What makes up the basic DLX machine?
DLX Commands: Explanations and Examples
Exercises and Questions for Review
Of course, the machine based on the DLX instruction set is a total work of fiction. If one existed, however, it would be a 32 bit machine, i.e., each word would be four bytes. DLX is Big Endian, as opposed to Little Endian, which means that a DLX address first accesses the byte in the most significant position when it's getting a word out of memory. Another issue, byte alignment, is beyond the scope of this web page, but is something you should probably worry about for exam purposes.
The DLX machine is a general-purpose register (GPR) machine, and as such has at it's core a bunch of registers. The ones you really need to worry about are the
integer registers, R0, R1, . . . , R31, the
GPRs, and the
floating point registers, F0, F1, . . . , F31, the
FPRs.
Each kind of register holds what you'd expect from the name, with one twist: DLX handles floating point numbers of both "single precision" - 32 bits or four words - and "double precision" -- up to 64 bits, i.e., two words. You know these data types as "doubles" and "floats" from C++. To accommodate double-precision floats, you need to use two consecutive floating point registers, paired together, starting with one that's even-numbered and continuing with one that's odd-numbered. Warning: some operations, notably multiplication and division, can only be performed in the FP registers, even when the operands are integers. Later, we'll see code fragments that move data from integer registers to FP registers, perform the desired operations, and move the data back. (This is a good thing to know how to do because it seems to attract professors looking for exam questions like you-know-what does flies.)
To keep things confusing (and to provide more exam fodder), besides the two FP data types, DLX has three integer data types: 8 bit (1 byte), 16 bit (2 byte, or half-word), and 32 bit (4 byte, or word), respectively. The confusing aspect arises when you load less that a word into a register, because you have to worry about the part of the register that doesn't contain the data you just loaded. For example, say you've loaded a word into a register. That word accounts for 8 bits, but the register holds 32 bits. Arithmetic comprehensible to even the dullest moron tells you that you've got another 24 bits floating around out there somewhere in la-la land to worry about. Fortunately, what you do with these left-over bits isn't too difficult, or surprising: you just fill them with 0s. Later, we'll see examples of commands that load data consisting of less than a word into memory.

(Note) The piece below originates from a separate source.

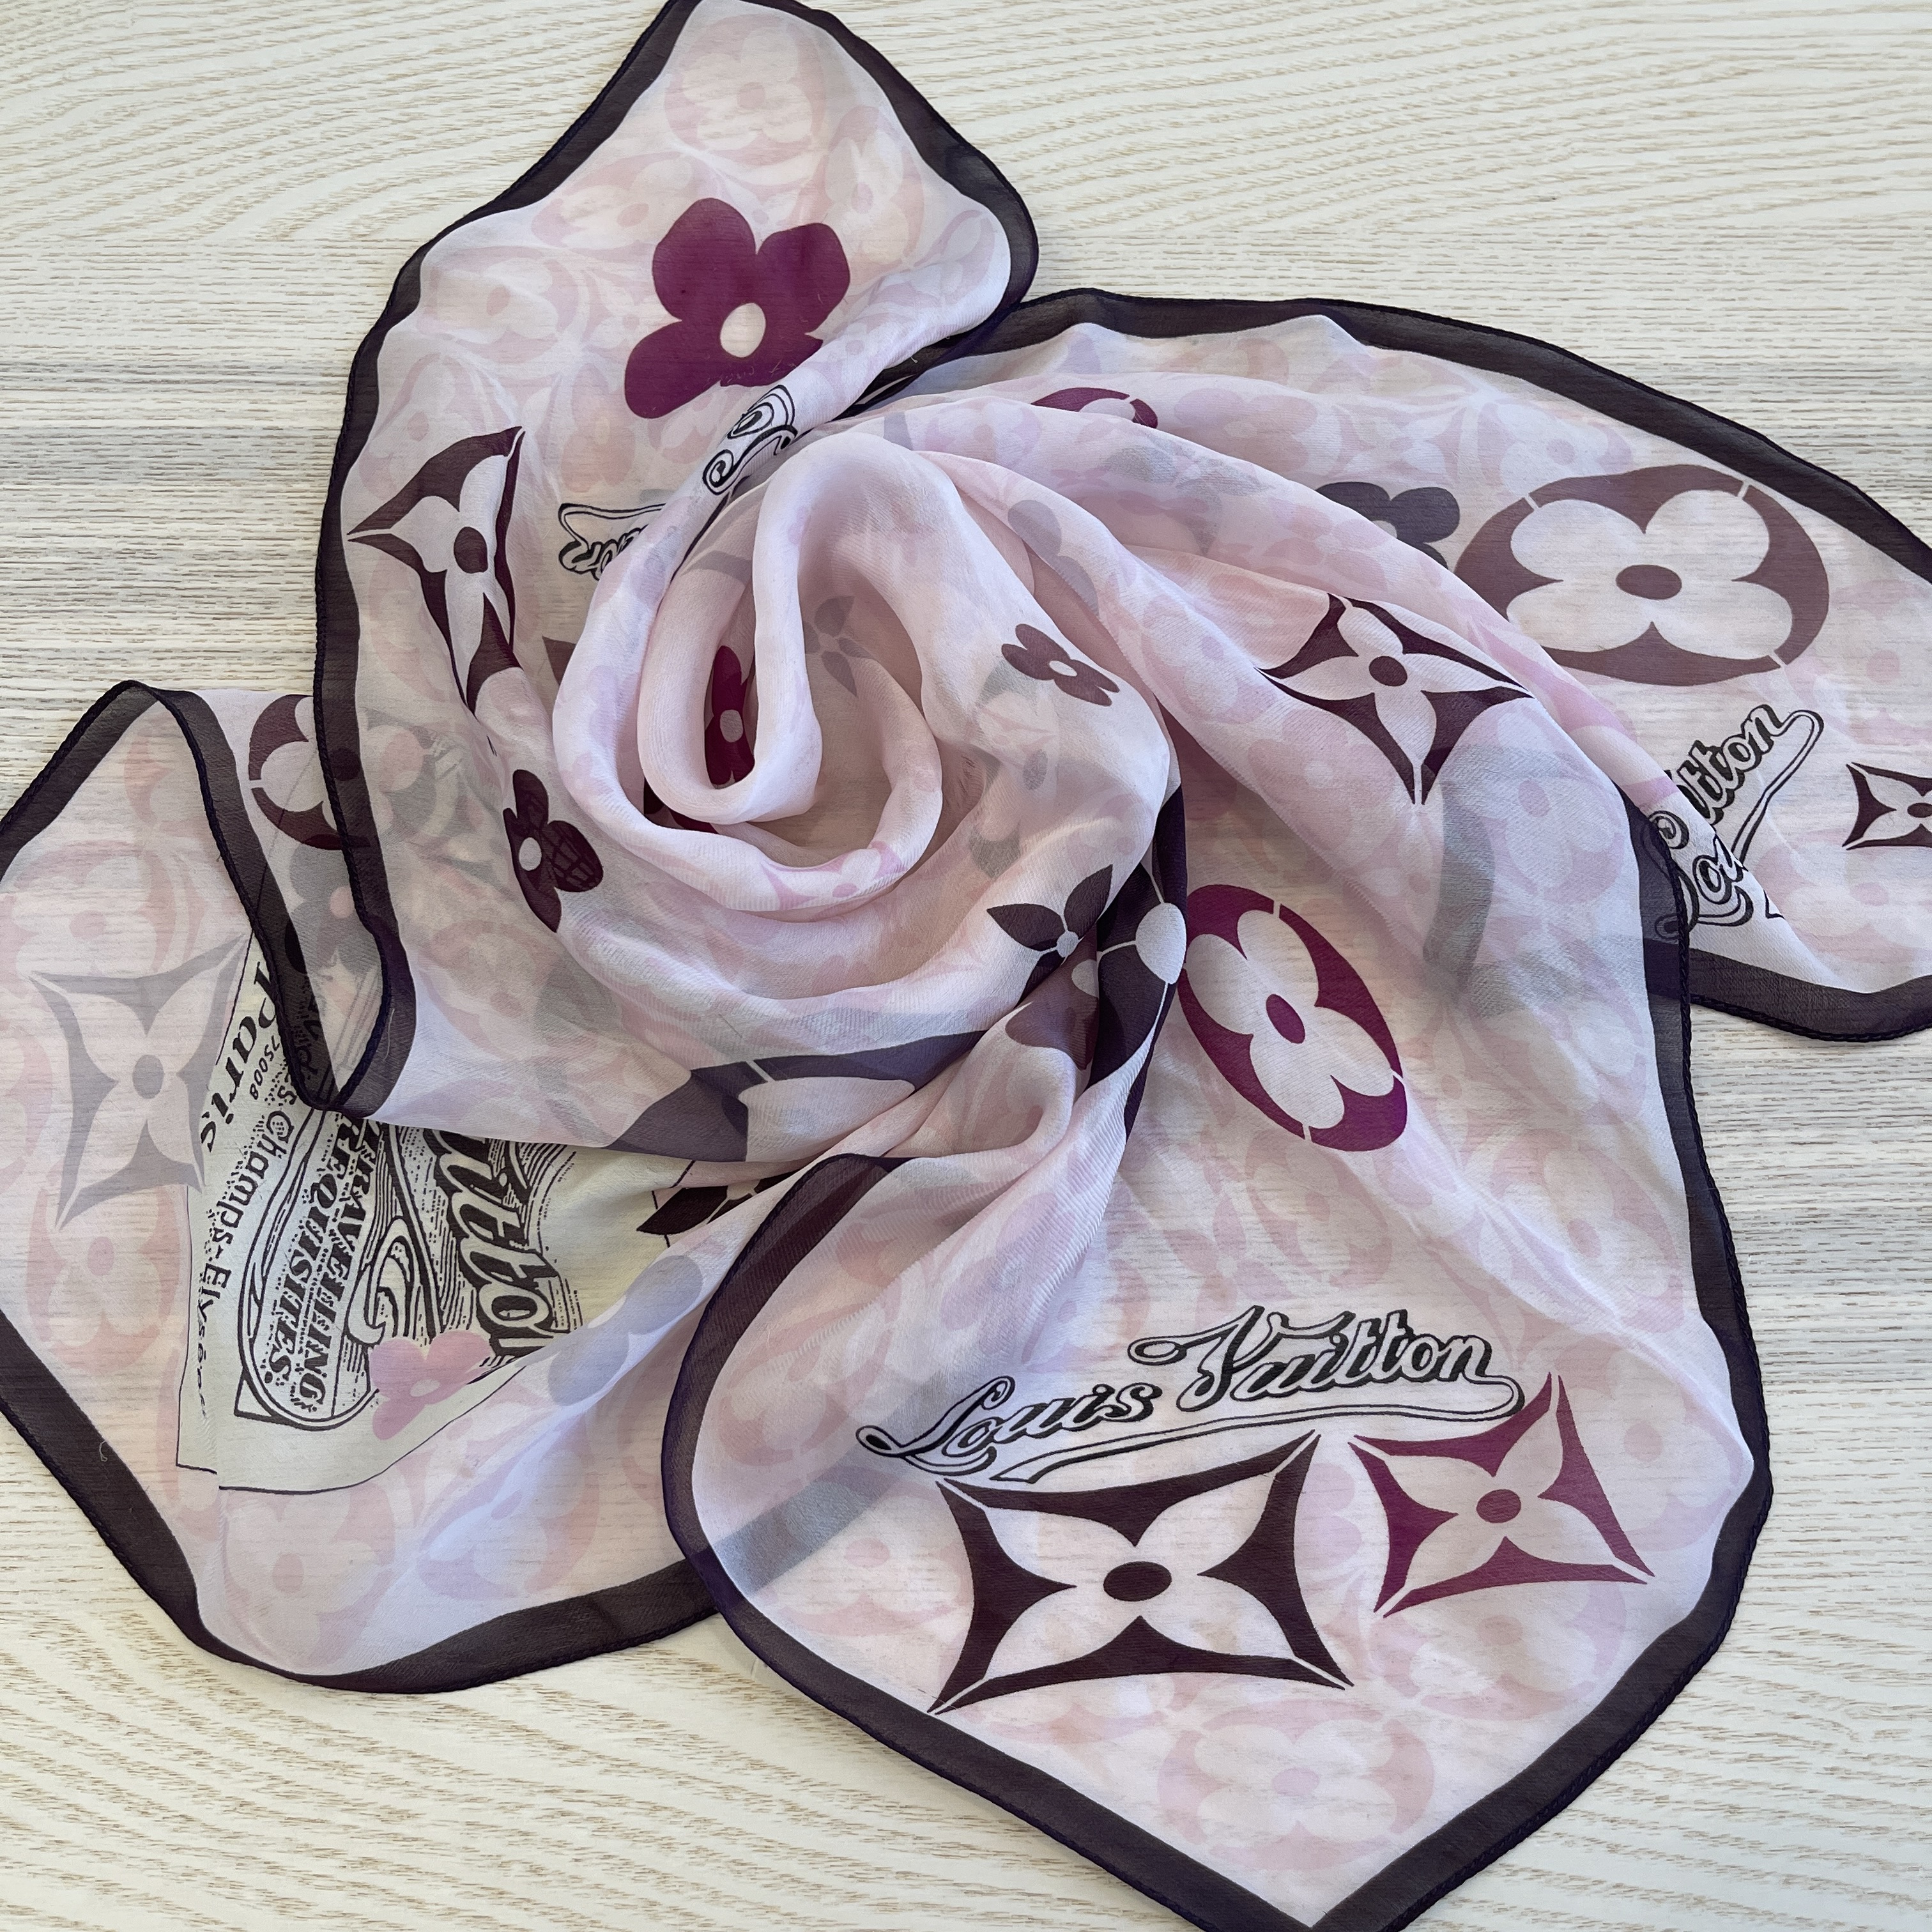 Authentic Louis Vuitton Monogram Flower Pattern Stole Scarf Silk

H&P tantalizingly tell you that DLX has a few other "special"
registers. These aren't things you'll worry about too much; the
one you really need to worry about is the first integer register,
R0,
because it's value is always 0. What's the purpose of R0?
Well, DLX, as you're no doubt aware, is a RISC architecture. (If
you didn't know this, you might as well hang up your cleats
right here and now.) When H&P (p.98) tell you that "we
can use this register to synthesize a variety of useful operations
from a simple instruction set" what they mean is that they're
going to use a few tricks to fake out some of the commands that
DLX doesn't explicitly support. This leads us to our dear friend,
R0. Most importantly, while there are a ton of different
ways to access memory (that's what all those addressing modes on
page 75 are), DLX only explicitly supports one, displacement.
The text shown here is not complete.